Electronic Thesis and Dissertation Repository

Degree

Doctor of Philosophy

Program

Biochemistry

Supervisor

Dr. Chris Brandl

Abstract

Protein biosynthesis is an essential process for all cells. It involves the translation of genetically encoded information into peptides, folding and assembly of peptides into three-dimensional molecules and complexes, and post-translational modification. Molecular chaperones facilitate protein folding so that a native state is achieved. Misfolded proteins and aggregates are toxic within the cell and accumulate due to stress conditions, mutations, and cell aging. Moreover, essential proteins rely on chaperones and co-chaperones for their regulation and activity.

The TTT complex, consisting of Tel2, Tti1, and Tti2, is considered an Hsp90 co-chaperone with specificity for phosphatidylinositol 3-kinase-related kinases (PIKKs). I show that yeast expressing low levels of Tti2 are viable under optimal growth conditions, but are sensitive to stress conditions that involve PIKK pathways. In agreement with this, depleting Tti2 levels decreased expression of the PIKK proteins Tra1, Mec1, and Tor1, and affected their localization. I also find that overexpressing Hsp90 or its co-chaperones is synthetic lethal when Tti2 is depleted, an effect possibly due to imbalanced stoichiometry of a complex required for PIKK assembly.
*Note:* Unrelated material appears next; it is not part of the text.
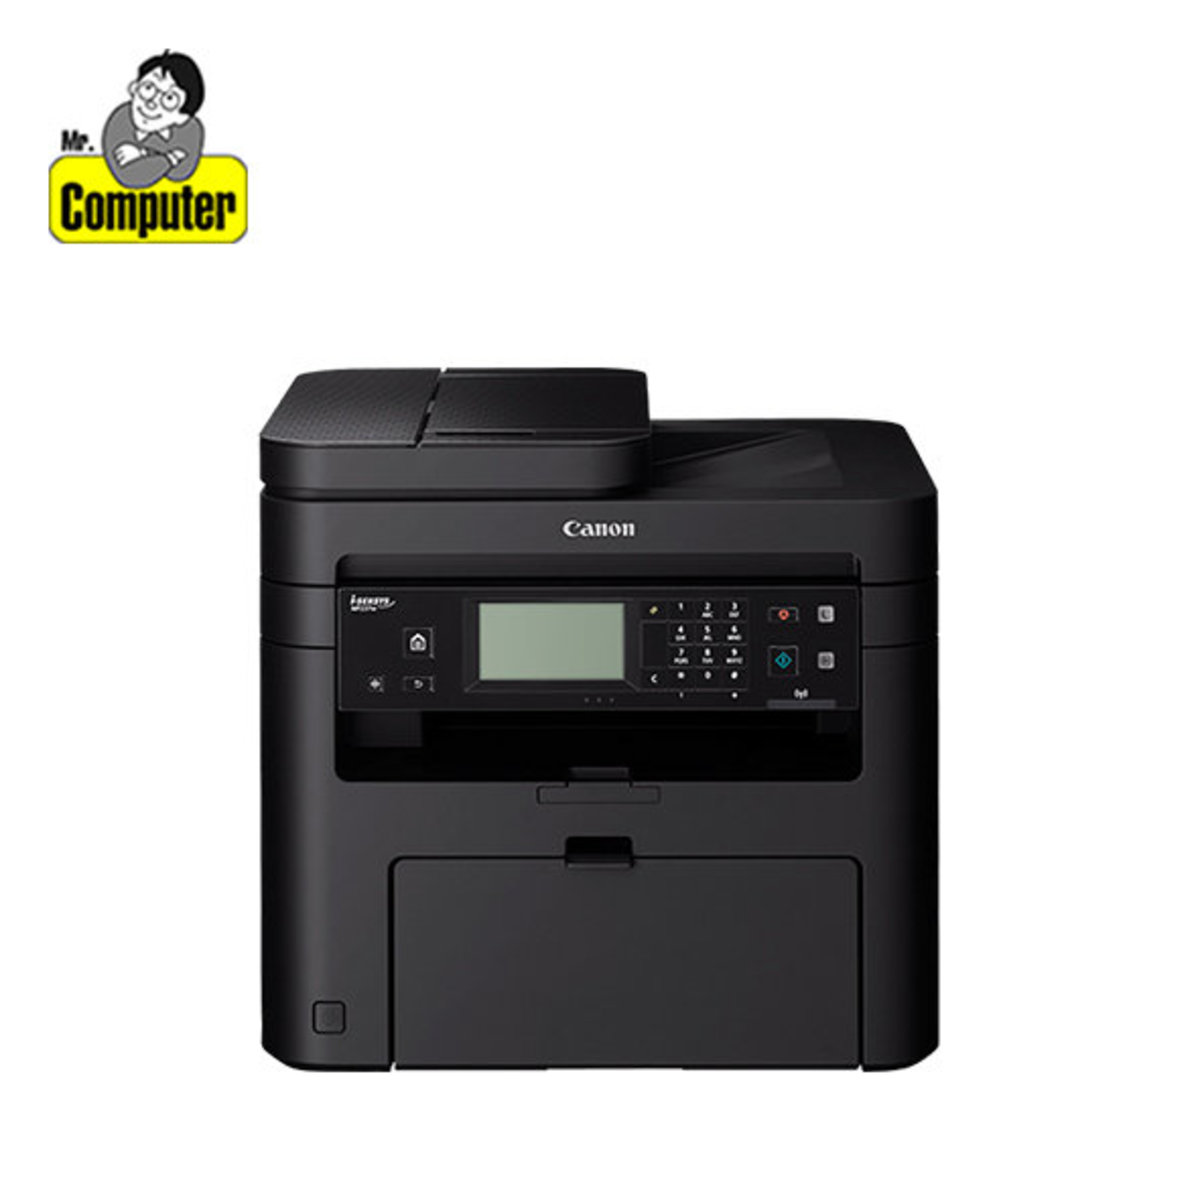 MF237w 四合一黑白雷射打印機

These results indicate that Tti2 does not act as a general chaperone, but may have a specialized function in PIKK folding and/or complex assembly.
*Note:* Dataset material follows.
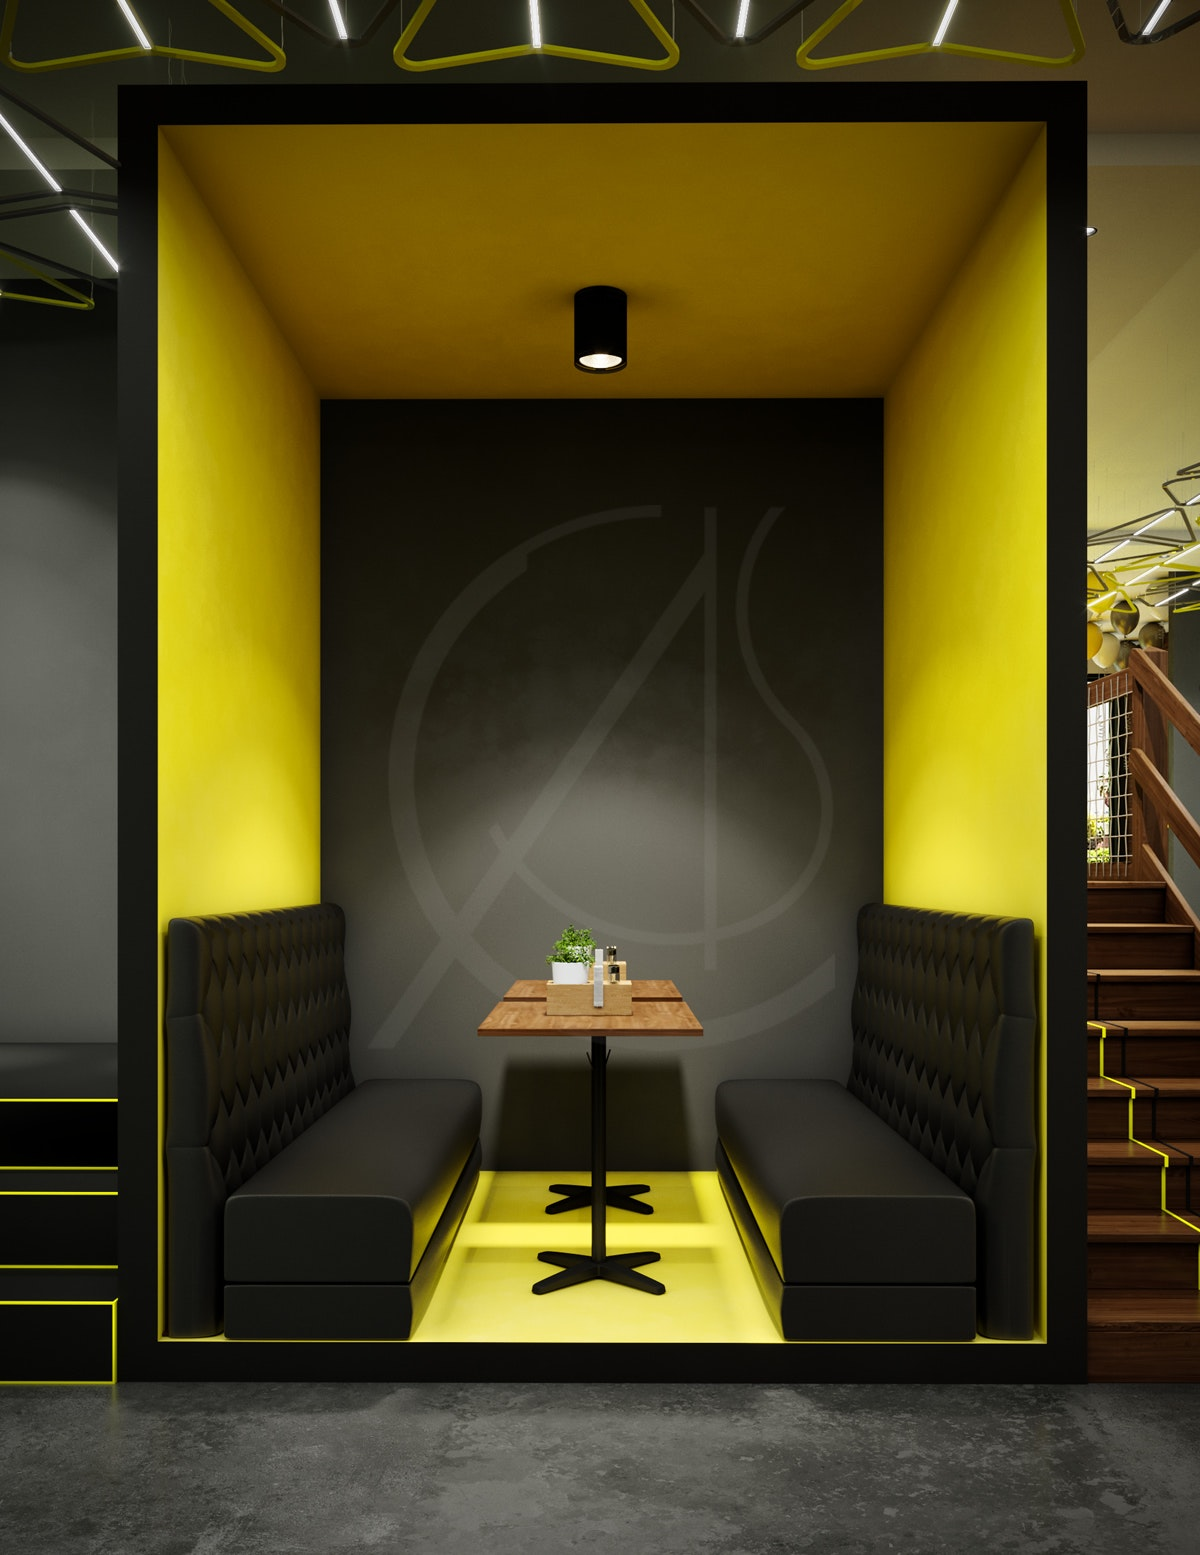 Modern Fast Food Restaurant Interior Design By Comelite Architecture Structure And Interior Design Architizer

Using a stress sensitive tti2 allele with a Leu to Pro mutation at residue 187, I performed a genetic selection of spontaneous second site mutations. The selection identified a single nucleotide mutation at the same position (C70T) in four tRNAProUGG genes. Since the mutation incorporates the identity element (a G3:U70 base pair) for alanyl-tRNA synthetase into the tRNAPro acceptor stem, I hypothesized that suppression results from mistranslation of Pro187 in Tti2L187P as Ala. In vitro, tRNAProUGG (C70U) was mis-aminoacylated with alanine by alanyl-tRNA synthetase. Mass spectrometry from protein expressed in vivo and a novel GFP reporter for mistranslation confirmed substitution of alanine for proline at a rate of ~6%. Mistranslating cells expressing tRNAProUGG (C70U) induce a partial heat shock response but grow nearly identically to wild-type.